- Conservation status: Least Concern (IUCN 3.1)

Scientific classification
- Kingdom: Animalia
- Phylum: Chordata
- Class: Amphibia
- Order: Gymnophiona
- Clade: Apoda
- Family: Caeciliidae
- Genus: Caecilia
- Species: C. volcani
- Binomial name: Caecilia volcani Taylor, 1969

= Caecilia volcani =

- Genus: Caecilia
- Species: volcani
- Authority: Taylor, 1969
- Conservation status: LC

Species of amphibian

Caecilia volcani, known commonly as the Cocle Caecilian, is a species of caecilian in the family Caeciliidae. It is endemic to Central America, having only been found in Panama and Costa Rica.

==Taxonomy==
The first description of Caecilia volcani was published by Edward Harrison Taylor in 1969. The holotype, a female, was collected by Taylor and his field partner Charles Myers in July 1966, with the type locality being El Valle de Antón, Coclé , Panama, at an elevation of about 550 m. The name volcani is derived from Volcanus. According to herpetologist Adam P. Summers, the name is likely in reference to the volcanic origin of the highlands the type locality is located in.

==Description==
C. volcani is known to reach total lengths of up to 324 mm, with the body width being one 30–37th of the total length.
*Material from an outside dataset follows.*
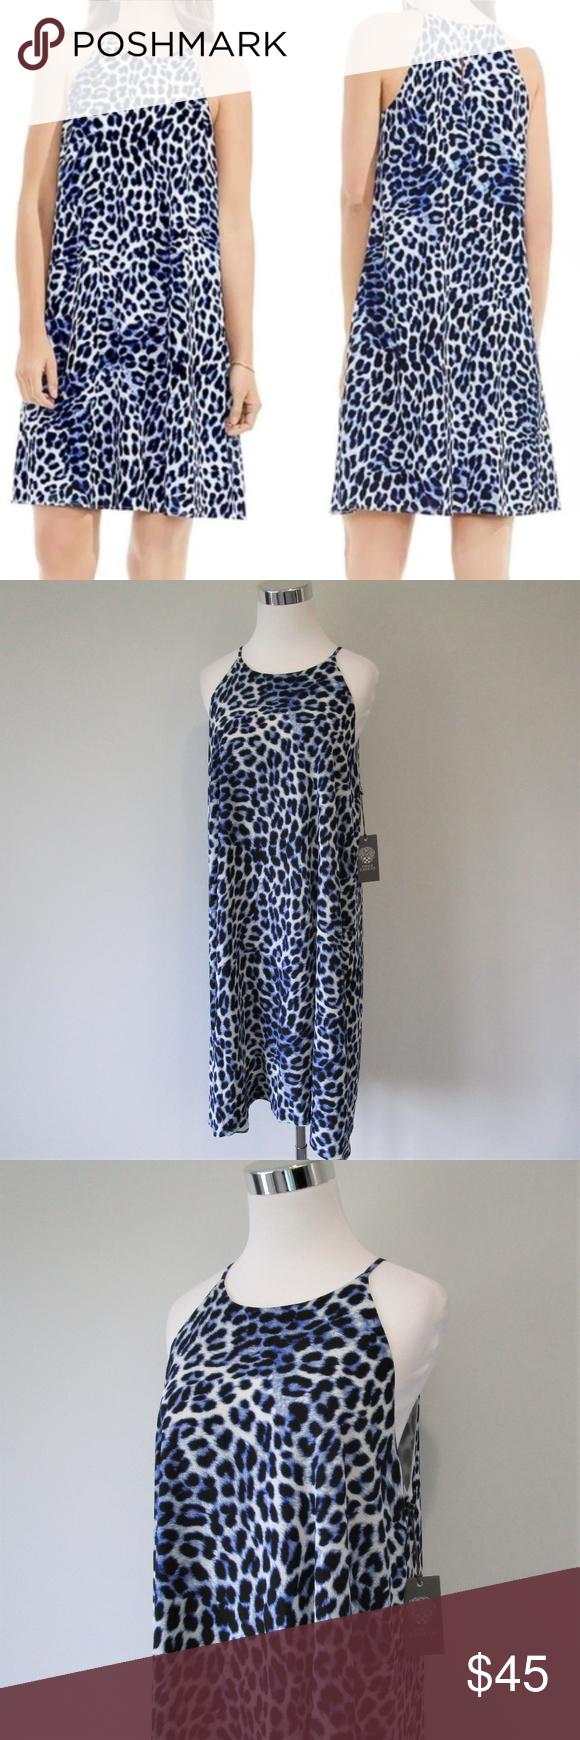 Nwt Vince Camuto Blue Leopard Halter Shift Dress Clothes Design Midi Shift Dress Shift Dress [ 1740 x 580 Pixel ]

It has a flat snout, eyes that are visible under the skin and splenial teeth. It has 112–124 primary annular folds and 14–37 secondary ones. Its colouration is for the most part uniformly slate grey, being a bit lighter on the head and neck, and even lighter than that on the lips and underside of the snout. The remainder of the snout is light tan. Annual folds are a darker grey than the rest of the body.

==Distribution and habitat==
C. volcani was thought to be endemic to Panama, but has since been found in Costa Rica, in an area to the northeast of San José. Its range in Costa Rica is considered likely to be more extensive than currently known.

It is a subterranean species, but in its natural habitat it can also found under leaf-litter in tropical forests. In addition to this, it has been found a wide variety of other habitats, including mature secondary forest and ones highly disturbed by human activity, such as rural gardens and pastures. It has also been found at a swimming pool.

The 2019 assessment of the species for the IUCN Red List categorized it as a least-concern species.